I think that this follows from Bourbaki's Éléments de Mathématique. Groupes et algèbres de Lie, Chapitre VIII, §10, Theorem 1 (see below) applied to the adjoint representation. Alas, I cannot provide the google books link because the book that Google Books claims to be this one, is actually Algèbre commutative, Chapitres 5 à 7! (And the "Feedback" link does not allow me to point this out, since in their arrogance, Google does not even allow for the possibility of such an error!)

Théorème 1. --- Soient $V$ un espace vectoriel de dimension finie, $\mathfrak{g}$ une sous-algèbre de Lie réductive dans $\mathfrak{gl}(V)$, $\mathfrak{q}$ une sous-algèbre de Lie de $\mathfrak{g}$ et $\Phi$ la forme bilinéaire $(x,y) \mapsto \mathrm{Tr}(xy)$ sur $\mathfrak{g} \times \mathfrak{g}$. On suppose que l'orthogonal $\mathfrak{n}$ de $\mathfrak{q}$ par rapport à $\Phi$ est une sous-algèbre de Lie de $\mathfrak{g}$ composée d'endomorphismes nilpotents de $V$. Alors, $\mathfrak{q}$ est une sous-algèbre parabolique de $\mathfrak{g}$.

And here's a possible translation:

Theorem 1. --- Let $V$ be a finite-dimensional vector space, $\mathfrak{g}$ a reductive Lie subalgebra of $\mathfrak{gl}(V)$, $\mathfrak{q}$ a Lie subalgebra of $\mathfrak{g}$ and $\Phi$ the bilinear form $(x,y) \mapsto \mathrm{Tr}(xy)$ on $\mathfrak{g} \times \mathfrak{g}$. If the orthogonal complement $\mathfrak{n}$ of $\mathfrak{q}$ relative to $\Phi$ is a Lie subalgebra of $\mathfrak{g}$ consisting of nilpotent endomorphisms of $V$, then $\mathfrak{q}$ is a parabolic subalgebra of $\mathfrak{g}$.

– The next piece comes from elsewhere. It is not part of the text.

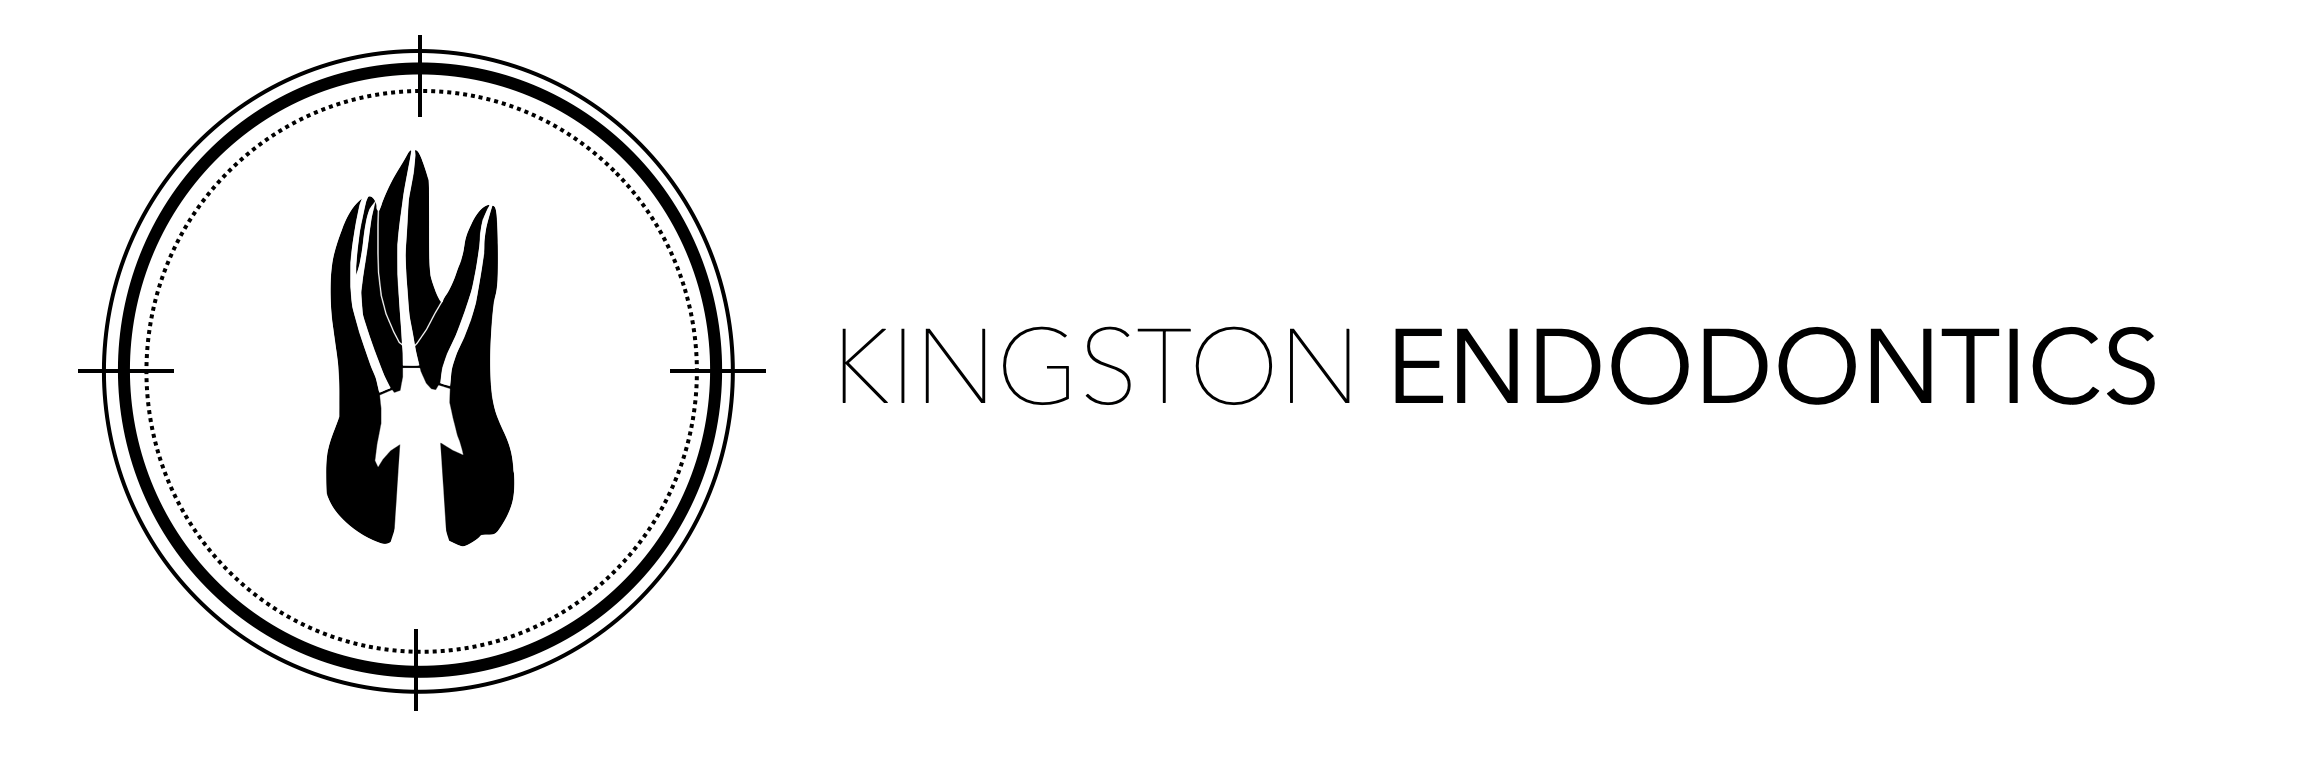 Kingston Endodontics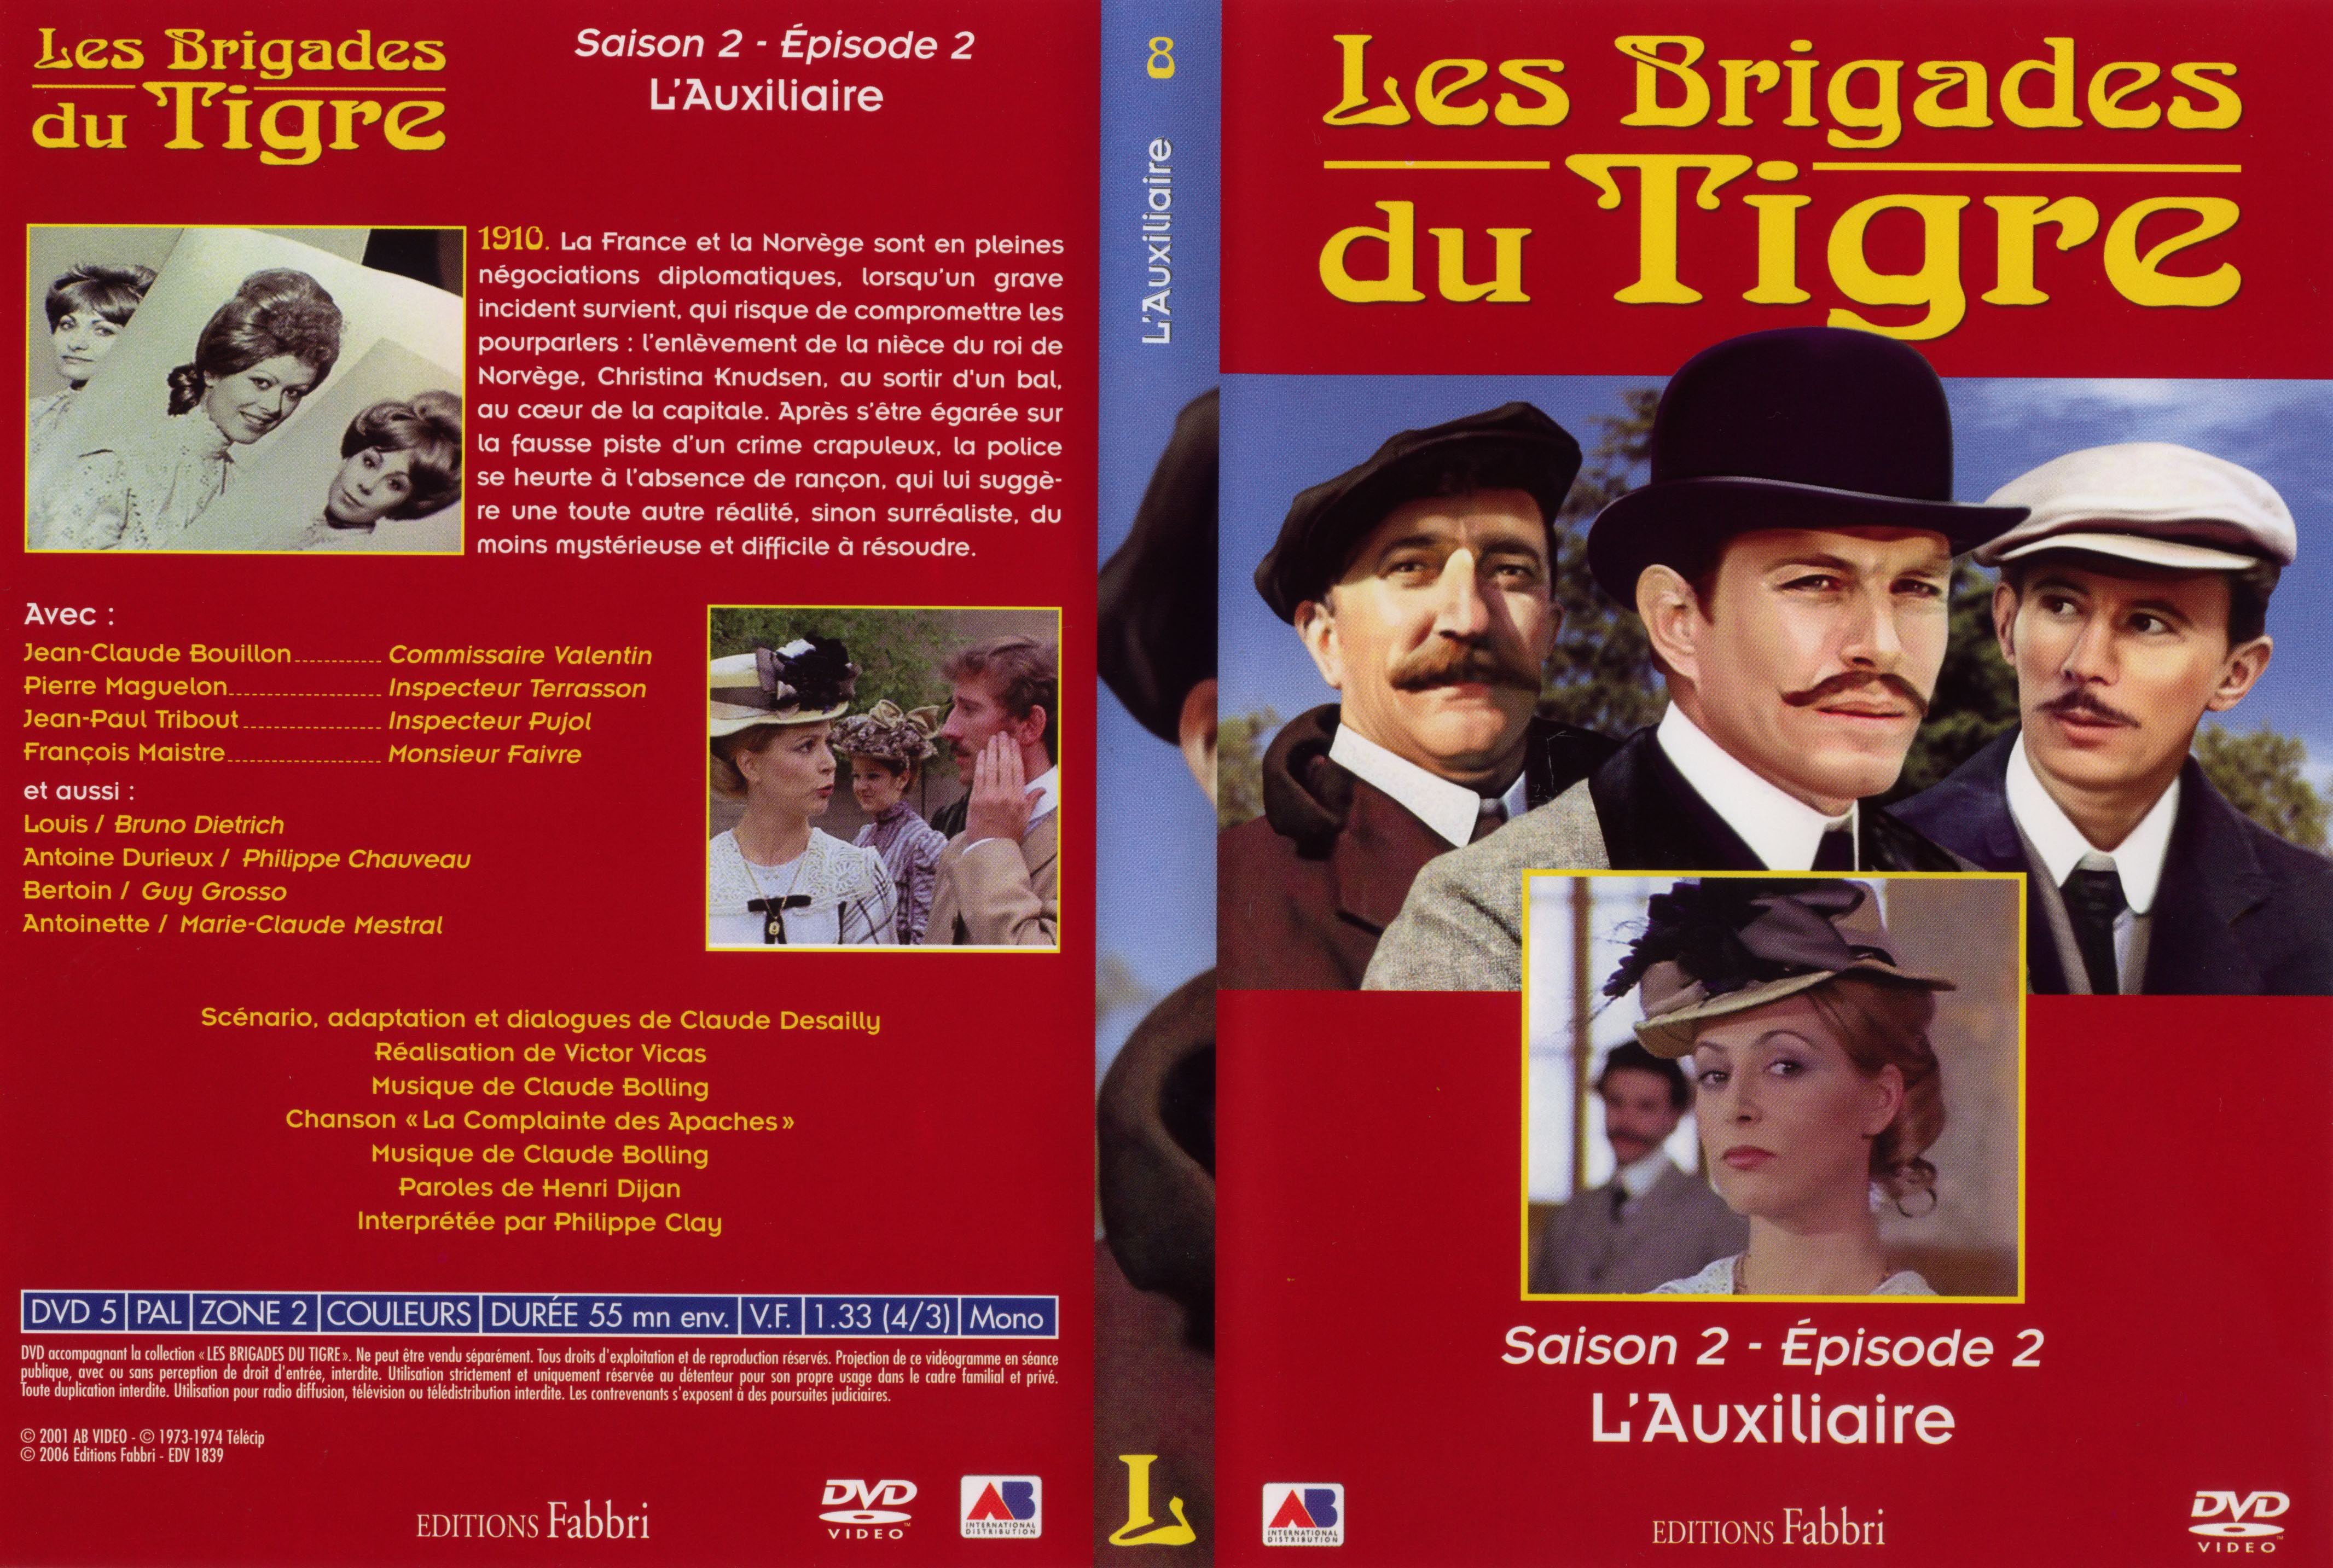 Jaquette DVD Les brigades du tigre saison 2 épisode 2

As Fran points out in the comments below, my original translation was incorrect and had $\mathfrak{n}$ nilpotent instead of consisting of nilpotent endomorphisms. Happily, for the case of the adjoint representation, one has Engel's theorem, which says that the the two notions agree.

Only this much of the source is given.